How long?

How long, Lord, am I to cry for help while you will not listen;to cry "Oppression" in your ear and you will not save? Habakkuk voices a mood that people have often felt in human history and we feel today in Zimbabwe. Why do we go on suffering year after year without any intervention from our God who loves us?


I met strong dissent two days ago when I suggested that Ian Smith has some responsibility for the present situation. ‘It has nothing to do with Smith,’ I was told, ‘it is all the responsibility of the present government.’ Certainly the government could act far more wisely and compassionately than they are doing but we cannot escape the history that formed us for good or ill.

Smith himself flourished for a time because he rode on the crest of a wave of feeling that had been growing among his constituents for decades. He played on the fears of the minority who were the ones at that time who had the vote. The long history of segregation from the late twenties and early thirties bred a fertile seed bed for the Rhodesian Front. The settlers who made the early decisions to turn their back on working with the sons and daughters of the soil – and exclude them from a meaningful partnership – are the ones who set the trend. Smith was the logical heir of such decisions.

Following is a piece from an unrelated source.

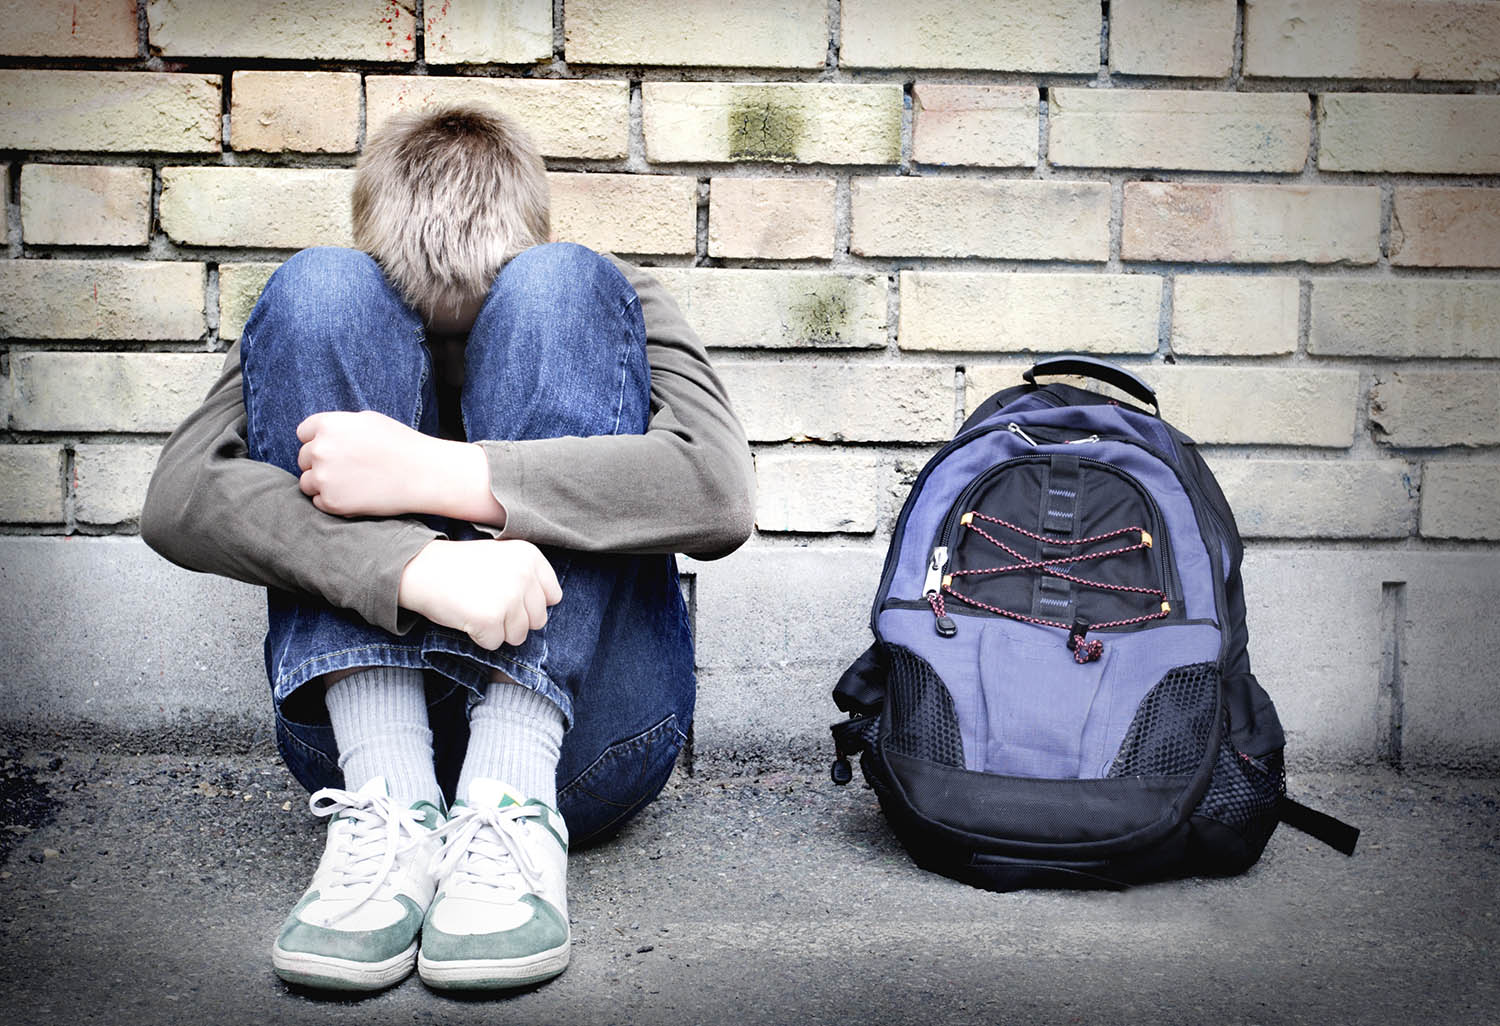 Підлітковий суїцид: як запобігти трагедії?

Blaming Smith now is a fairly fruitless exercise but assigning him some responsibility helps to understand the present. Because he was such a particularly intransigent expression of the trend set long before he was very hard to remove. In the end the people of the land decided they could only win freedom by force. But here again there were heirs and our present leader is the principal one. Intransigence can only be removed by force, he concluded, but in the process he learnt all the ways of intransigence – and force.
So we are back where we were 20 years ago and again our leaders aren’t listening to the people. The difference this time is that no one wants to remove them by force. We want to do it peacefully as they did recently in Sierra Leone where an unpopular government was simply voted out office. Yet it will not be that easy. The old habits, learnt from Smith – foremost among them, intransigence – persist.

So what else does Habakkuk have to say? A little further he has this, ‘the upright person will live by his faithfulness.’ Faithfulness! What is that? It is a quality of attention and patience that looks for solutions everywhere but does not lose hope when there seems to be none immediately in sight.